Aku membaringkan dia di kursi belakang mobil dan kata – kata ajaibnya
"Mimpi indah, manisku."
Ciuman di pipinya dan kami siap bergerak.
"Ada banyak orang di sana," kata Domdom dalam upaya memulai percakapan.
Jika kamu melihat ke luar jendela, kamu akan melihat sekelompok orang memarkir mobil mereka dan berpakaian rapi― setidaknya beberapa orang tidak seperti serangga ini dengan pakaian kasual mereka―ke acara tertentu.
"Umatku di sini untuk memujiku lebih awal."
Semua orang berkumpul untuk menciptakan pemandangan indah ini―kecuali kamu, serangga dengan pakaian kasualmu.
"Apakah ada sesuatu yang terjadi antara kamu dan orang - orang fanatik ini."
"Gak ada, sayangnya. Iri ya, Domdom?" Aku menggodanya sedikit.
"Aku hanya khawatir, mengetahui statusmu dan… Nevermind."
"Jutaan pesonaku, bukan?"
"Bukan."
Terkadang, aku tidak tahu apakah dia orang yang bebal atau balik menggodaku dengan wajah dan respons datarnya. Oke, kembali ke topik.
"Tapi ini bagus, bukan? Bandingkan dengan apa yang kita miliki sebelumnya."
Ketika aku melihat ke luar jendela, yang kulihat hanyalah kumpulan manusia, kumpulan yang tiba ketika matahari masih berada di atas cakrawala di barat.
"Hanya sekelompok orang yang mencari penebusan di sini. Pasangan itu ada di sana agar cinta mereka dilindungi. Para tunawisma―bahkan dengan kemeja compang-camping―datang dengan kondisi sobek, tidak seperti orang biasa lainnya. Laki-laki dan perempuan hadir untuk menyucikan dosa-dosa mereka. Dan mereka semua berdoa kepada malaikat yang melindungi mereka dari antara matahari dan bulan."
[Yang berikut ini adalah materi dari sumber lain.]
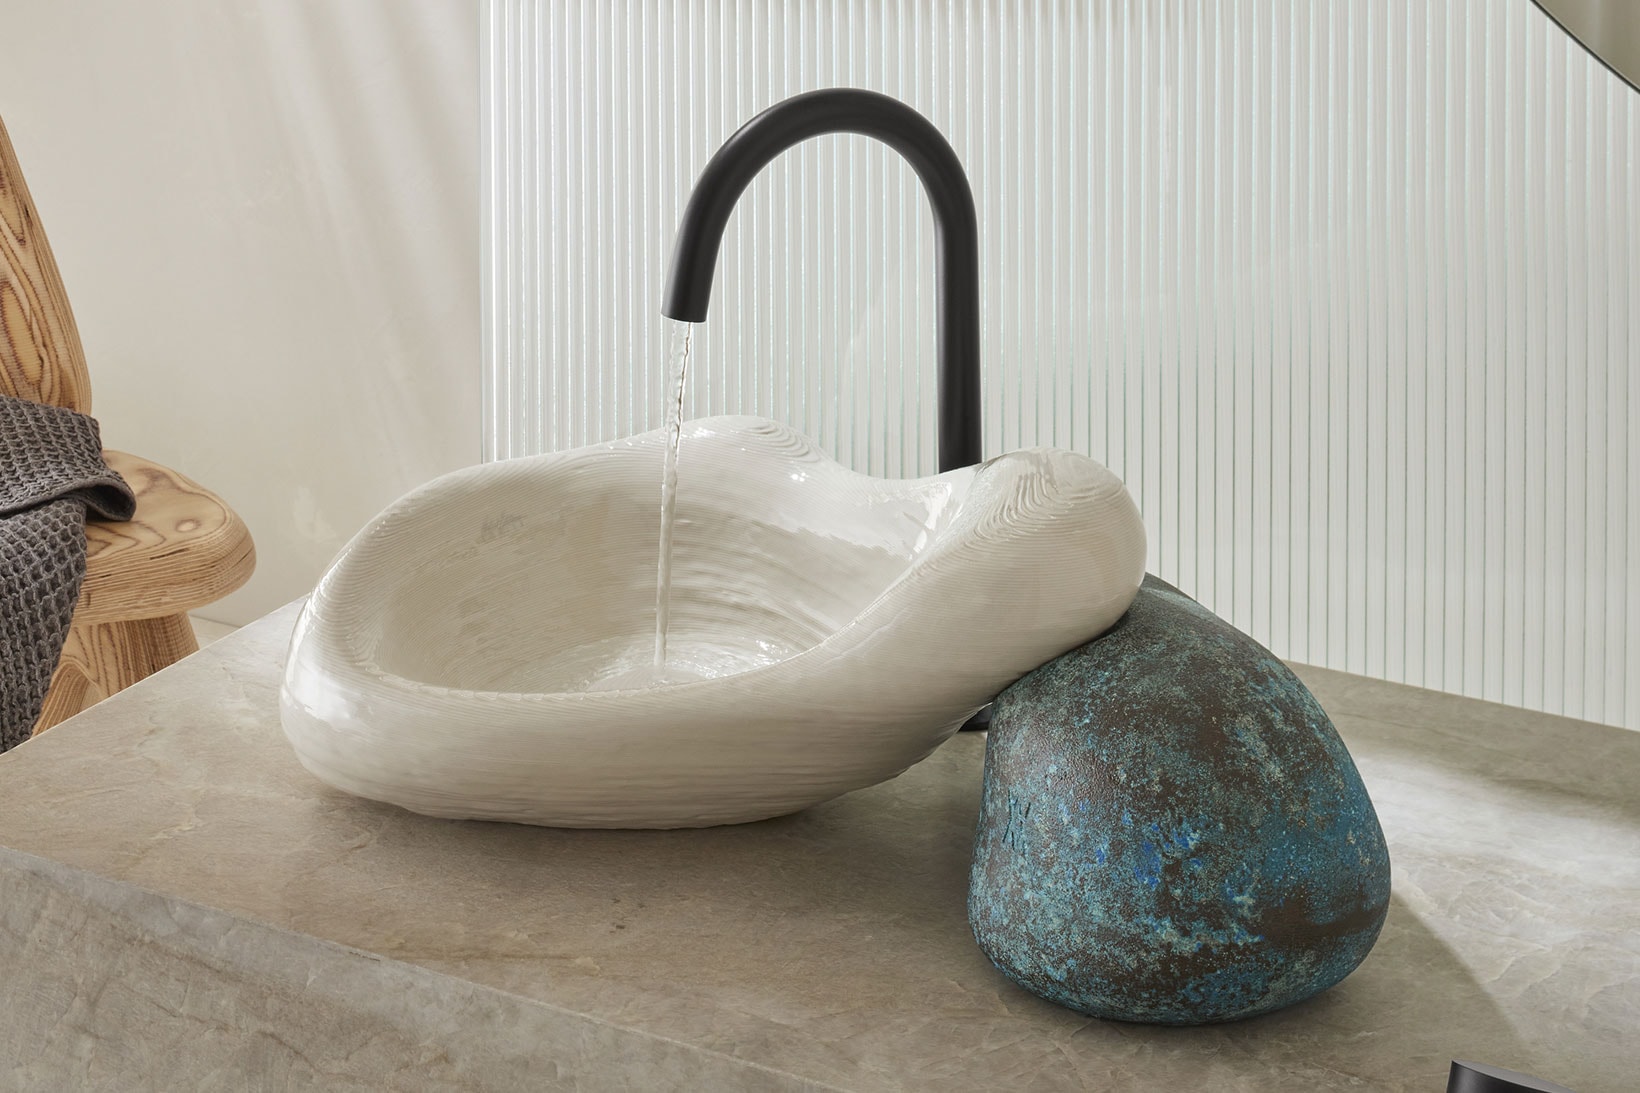 Daniel Arsham Kohler Rock.01 3D-Printed Bathroom Sink Design Details Water

Aku melihat pantulan diriku di jendela kaca ini dan kerumunan orang di belakangnya. Semuanya adalah wajah puas.
"Statistik populasi tentu setuju dengan hal itu," katanya ketika mobil mulai menjauh dari taman.
"Um, oke?" Kaku seperti biasanya.
"Kamu kedengaran seperti geregi karatan, Dom."
Dia selalu seperti ini, jika mobil kuno ini tidak cukup buktinya. Ada suatu saat aku ingat dengan jelas bahwa dia suka membaca atlas sebagai buku masa kecilnya―yang membuat kita berdua menjadi sama dalam hal keanehan. Dia selalu seperti ini. Dia selalu―
"Karatan…"
Saat aku sedang dalam trip memoriku, kata itu secara khusus memicu sesuatu di kepalaku. Saat itu juga, aku menarik napas dari mulutku sebelum menyatakan,
"Aku baru ingat sesuatu."
Domini bertanya padaku tentang apa yang kumaksud. Apa yang aku ingat. Apa yang menurut aku aneh tentangnya. Sesuatu yang kutemukan di taman. Bukan tentang mayatnya. Tidak ditemukan oleh mata.
Baunya.
"Ehhhh, kita bahas nanti aja."
Aku menguap sedikit, merilekskan kepalaku, dan tidak ada sedikit pun gas yang tersisa di pembuluh darahku. Waktu yang dihabiskan main sepak bola, berjalan sambal menggendong Tenten dan ransel kita dan tidur larut malam akhirnya menangkap aku.
"Domini, bisa minta tolong tidak?"
"Apapun untukmu, partner."
Aku melihat kea rah putriku di kursi belakang, memandang malaikat kecil yang tertidur dengan mataku terkulai setiap detiknya.
Ahhhhhh~ tak baik nih~ Aku akan mati. Lebih baik aku mengirimkan kata terakhirku. Harapan terakhirku.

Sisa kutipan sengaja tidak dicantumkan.